Basic question: what is a suitable codec for storing/archiving scientific video data in a lossless manner?

I am trying to help my research group out with storing/archiving some videos recorded with a microscope. These (grayscale) videos are in uncompressed (rawvideo) BGR24 format, 660x492@61fps, and typically about 1 minute long. My lab mates are going crazy with the sheer size of these files (gigabytes each). I suggested to compress them using a lossless codec. (The need for lossless here is because the videos are scientific data; hence there is some danger that a lossy codec may alter the content in bad/unexpected ways.)

Here is what I tried. First, I grabbed the first 10 seconds of one of these videos and converted to a monochrome (raw) format using FFMpeg.
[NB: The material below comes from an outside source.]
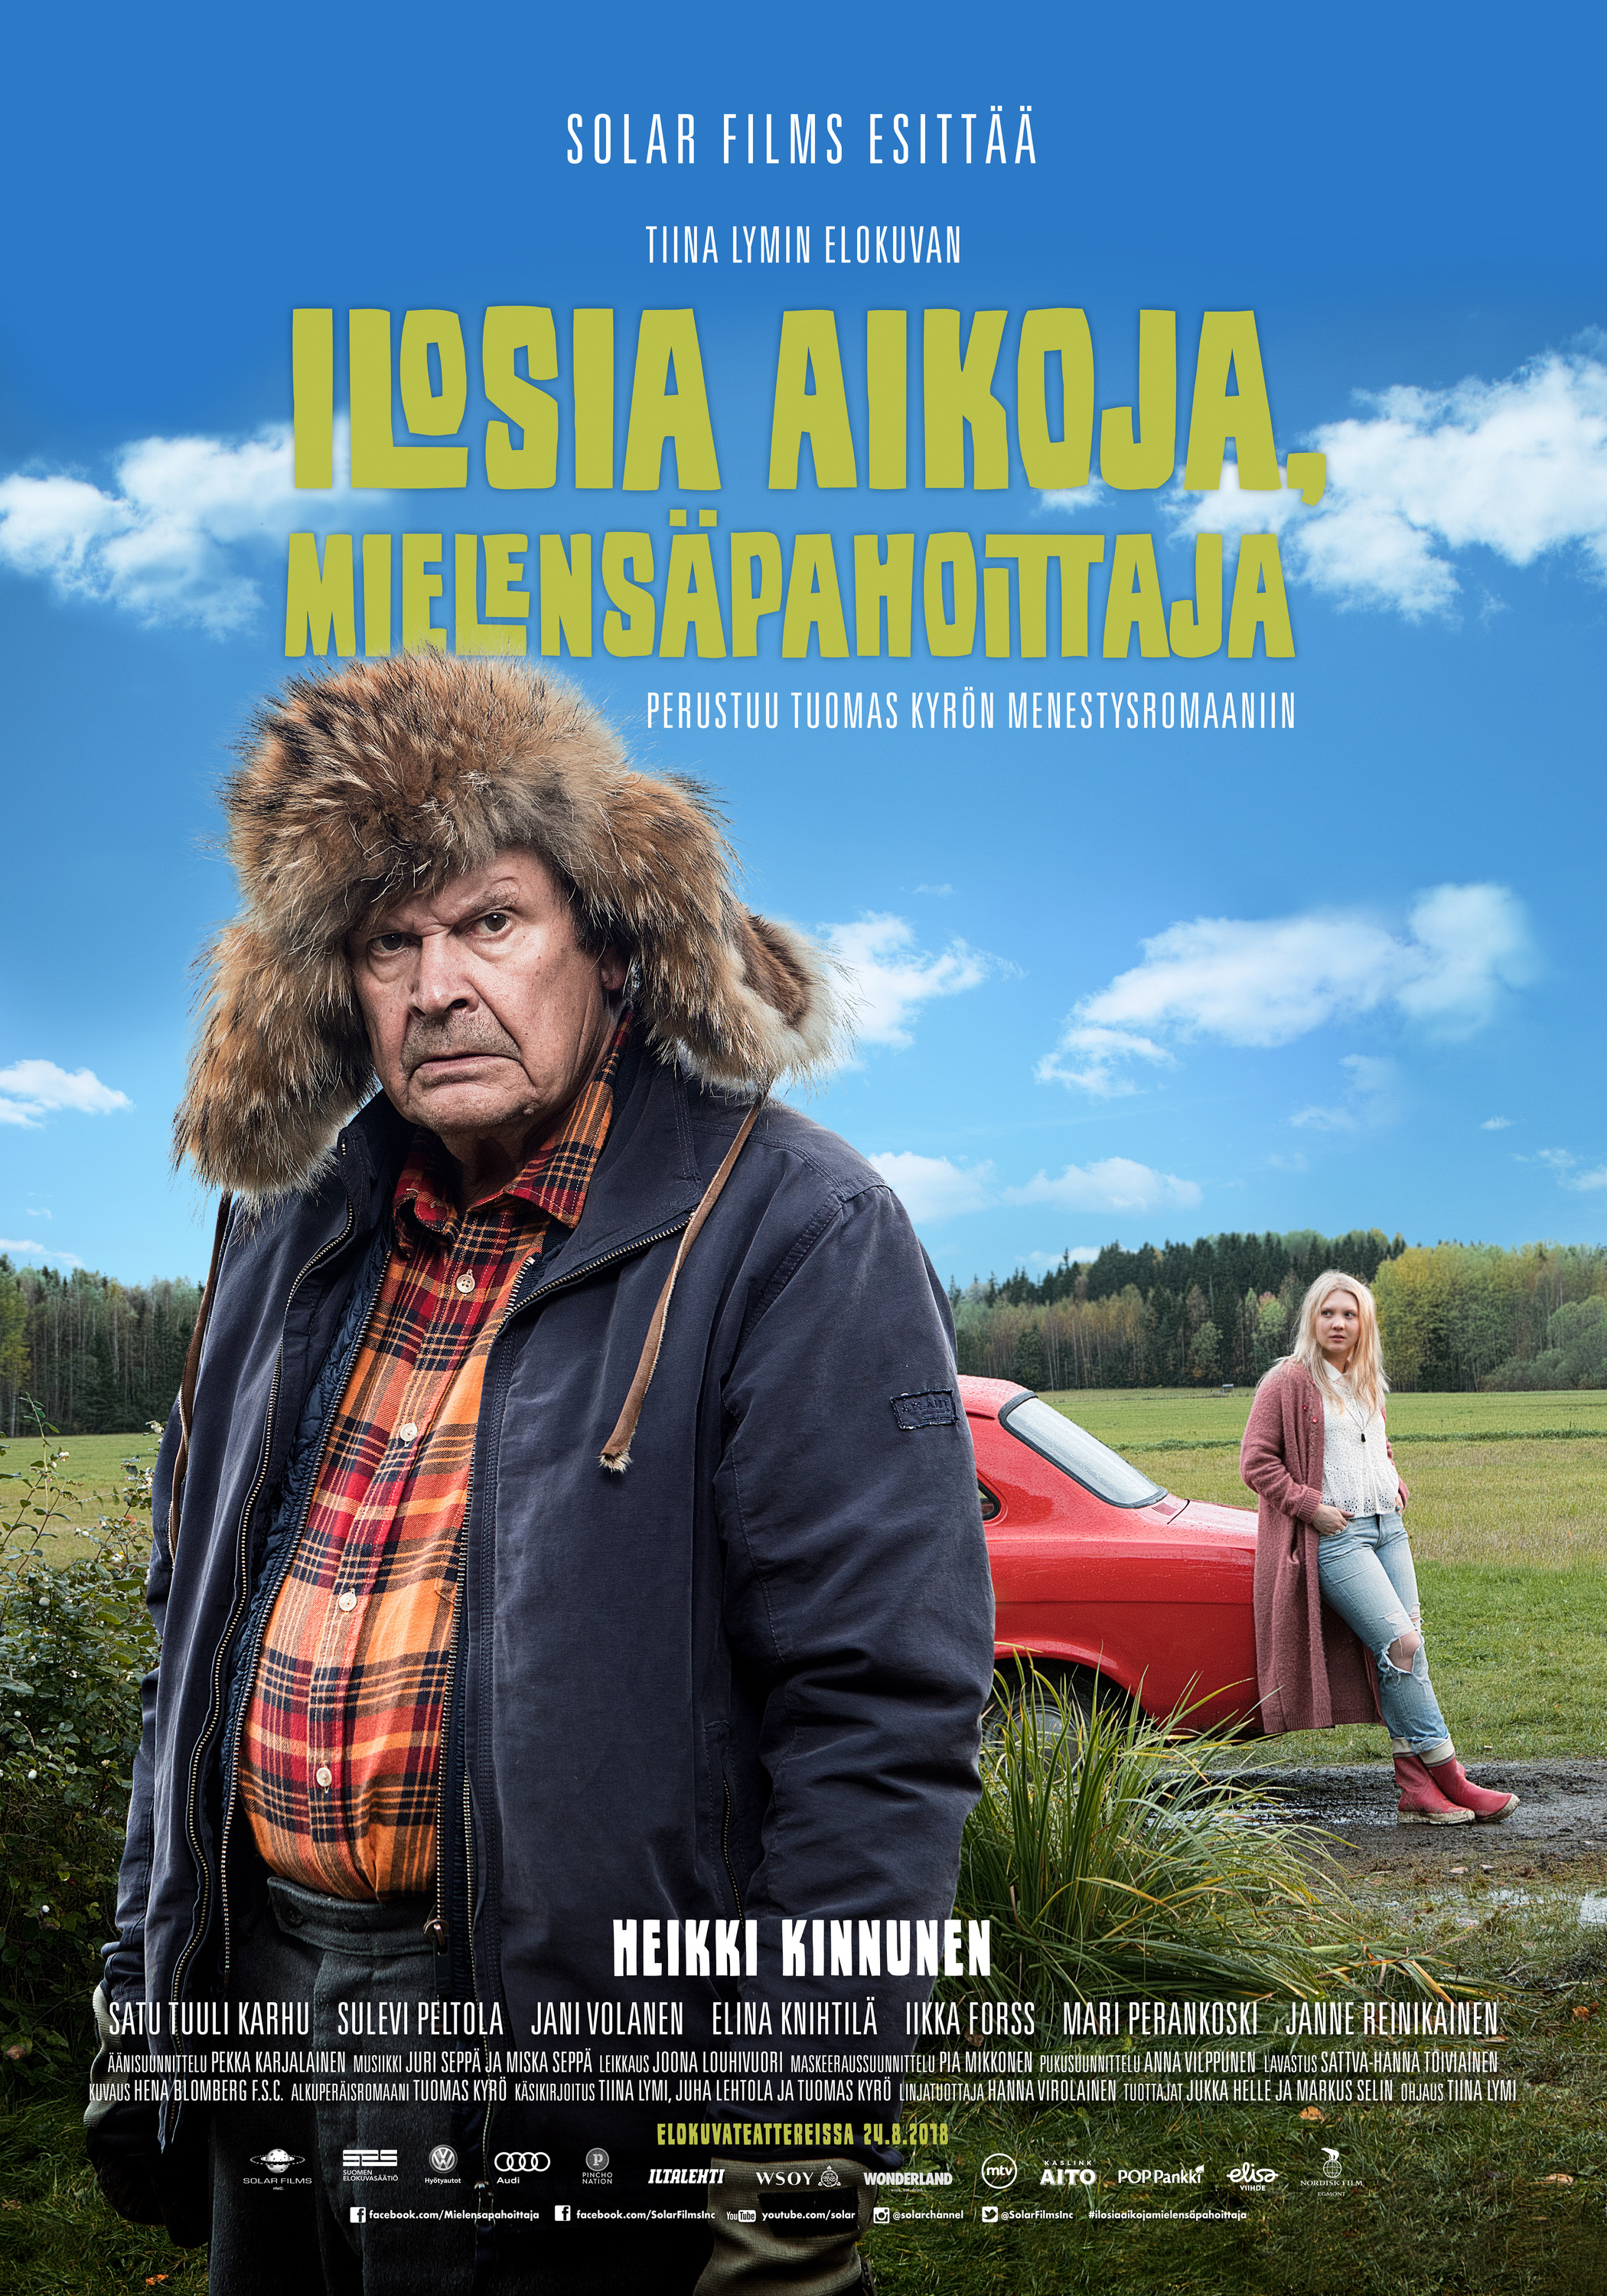 Mega Sized Movie Poster Image for Ilosia aikoja, Mielensäpahoittaja (#2 of 2)

ffmpeg -t 10 -i RecordedData.avi -c:v rawvideo -pix_fmt gray raw_gray.mkv

Then, I attempted to use the lossless mode of libx264 (by setting -crf 0) to compress the resulting file

ffmpeg -i raw-gray.mkv -c:v libx264 -crf 0 -pix_fmt yuv420p -color_range pc x264-yuv420p.mkv

Finally, I extracted the raw YUV data from both the raw and h264 MKV files and compared them.

ffmpeg -i raw-gray.mkv -c:v rawvideo -pix_fmt gray raw-gray.yuv
ffmpeg -i x264-yuv420p.mkv -c:v rawvideo -pix_fmt gray x264-decompressed.yuv
diff -sq raw-gray.yuv x264-decompressed.yuv

Here, the diff command reports that the files differ when I expected them to be the same. Why is this? Is this just some slight rounding error, or am I possibly losing something after doing the H264 (supposedly lossless) compression? There is some conversion of pixel formats happening (gray (YUV400) <-> YUV420), but the color (UV) channels should just be empty because the input is monochrome.

If I am indeed losing something, is there anything I can do to fix this? Is there another (lossless) codec that might be more appropriate for my data?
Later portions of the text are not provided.